A possibilidade do estabelecimento dos standards relativos a reproducao assistida, a partir do
caso costarricense, nos traz a possibidade de analizar o caso atraves da perspectiva de garantía de
direitos, sendo levado em consideracao nao somente a possilidade de ser um método alternativo de
reproducao ao casos conhecidos como de infertilidades e outras dificuldades relacionadas a saude,
especialmente das mulheres, mas ser visto como um instrumento que garante a defesa dos
seguintes direitos:
1) Direito a igualdade e a nao discriminacao
2) Direito ao desfrute do mais alto nivel possivel de saude
3) O Direito de formar uma familia
Discutir questões localizadas historicamente no campo da privacidade, politizando e
afirmando identidades, experiências e vivências demarcam o solo arenoso da subalternização do
feminino e da opressão das sexualidades não-hegemônicas. As lutas por direitos sexuais buscam
incluí-los no marco dos direitos humanos, discutindo democracia sexual e justiça no espaço público
das lutas sociais.
Refletimos aquí sobre os direitos humanos da população LGBT (lésbicas, gays, bissexuais,
travestis e transexuais) argumentando acerca do direito ao acesso a Reprodução Assistida.
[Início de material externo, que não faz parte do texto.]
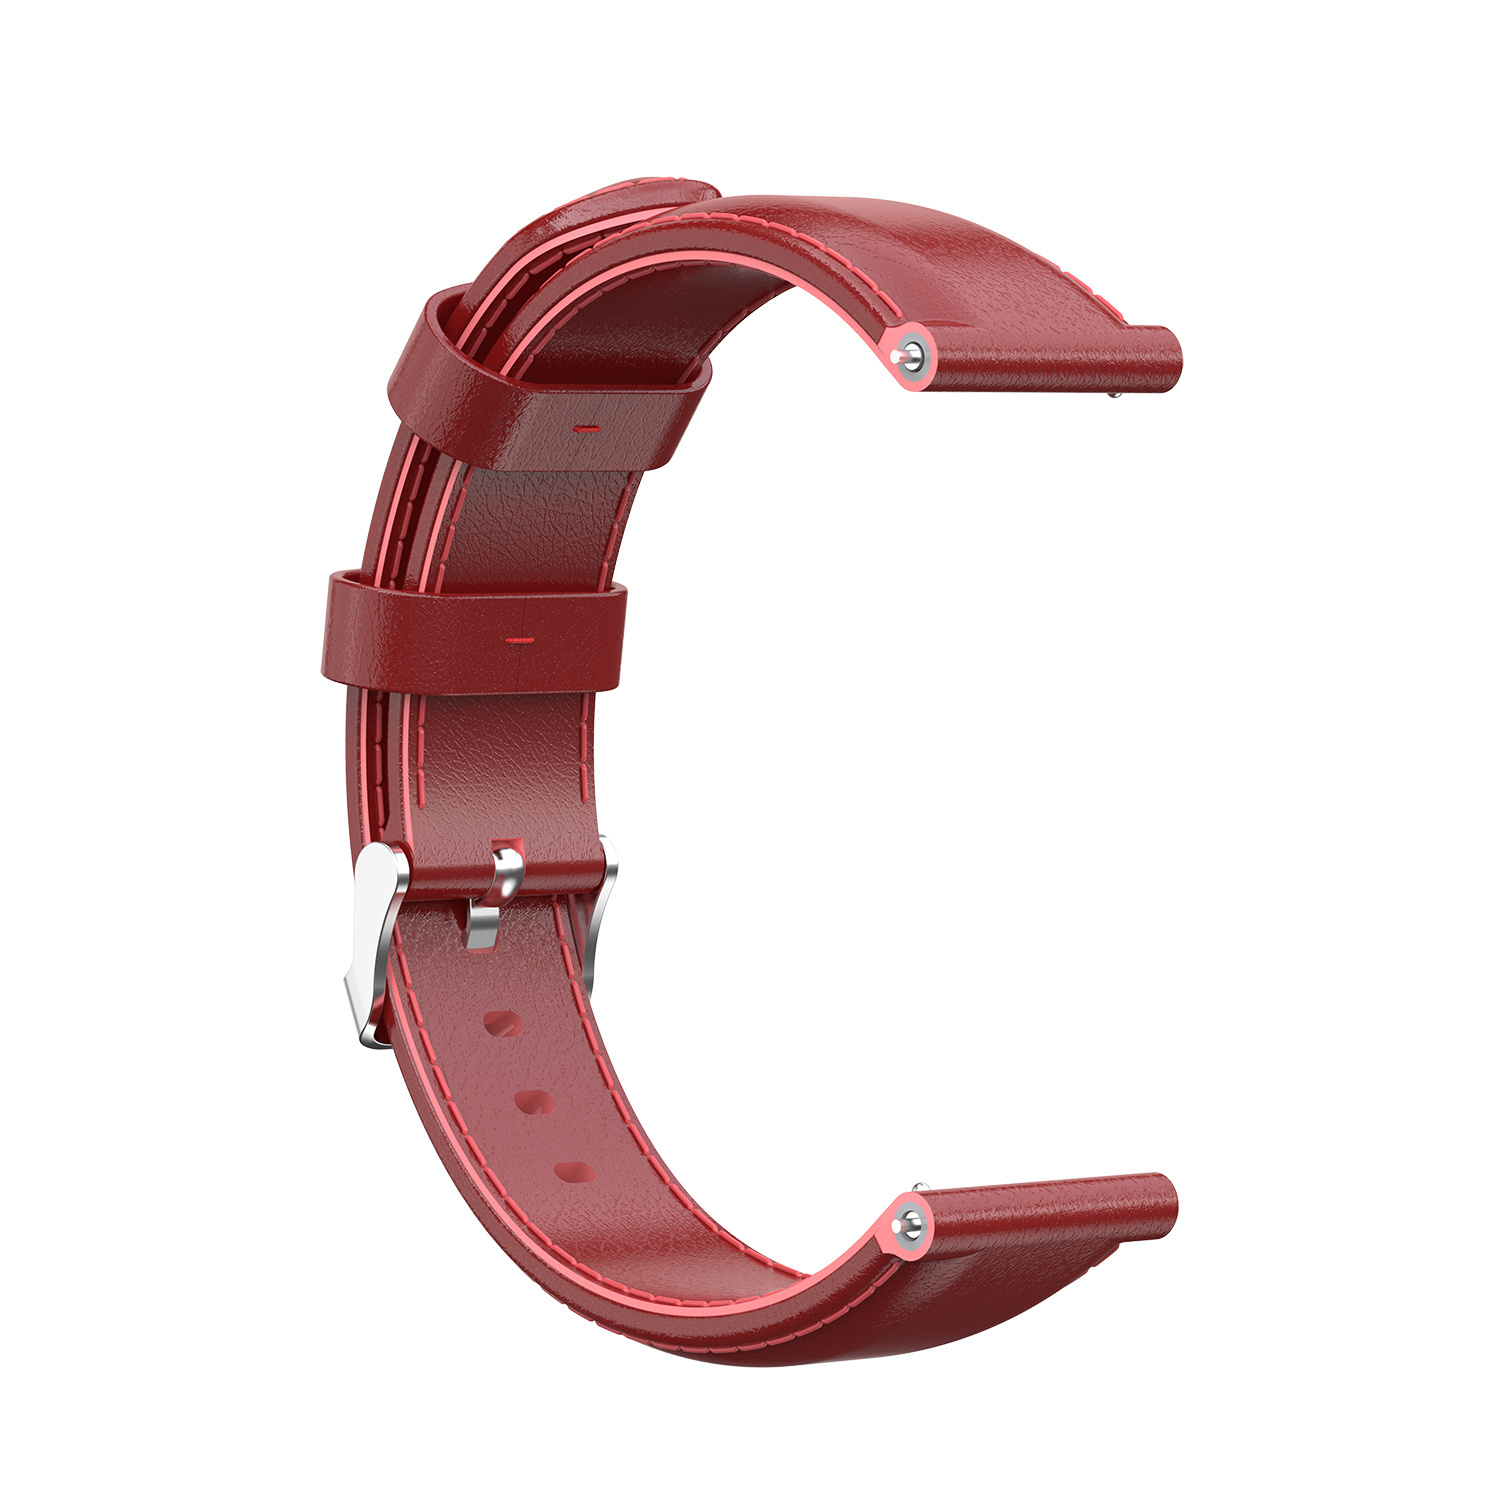 Samsung Galaxy Watch Leather Strap - Red

Entende-se por Reprodução Assistida, um conjunto de técnicas, utilizadas por médicos/as
especializados/as, com a manipulação de gametas, que tem como principal objetivo tentar viabilizar
a gestação de mulheres com dificuldades de engravidar. Ou seja, inseminação artificial, fertilização
in vitro e suas variantes.
Este processo deve ser compreendido no âmbito do direito de acesso à reprodução,
estabelecendo o lugar de cada um/a - homens, mulheres, heterossexuais, homossexuais, pais,
mães e filhos/as, através dos elementos da biologia, genética, consanguinidade ou da adoção e que
moldam os sentidos do que pode ser assumido como uma família a partir dos padrões de gênero e
sexualidade. Deste modo, a reprodução assistida passa a ser um instrumento que contorna não
apenas a infertilidade dos casais heterossexuais, mas também oferece a possibilidade de uma
mulher gestar um embrião sem qualquer vínculo genético consigo própria ou com um parceiro e
ainda dispensar o ato sexual com um homem. Ou seja, garante, entre outras, a possibilidade de que
8
Documento adoptados por un grupo de expertos distinguidos en derecho internacional y derechos humanos, como fruto
de una reunión convocada por la comisión internacional de juristas y el Servicio internacional de derechos humanos en
Yogyakarta, Indonesia, en noviembre de 2006.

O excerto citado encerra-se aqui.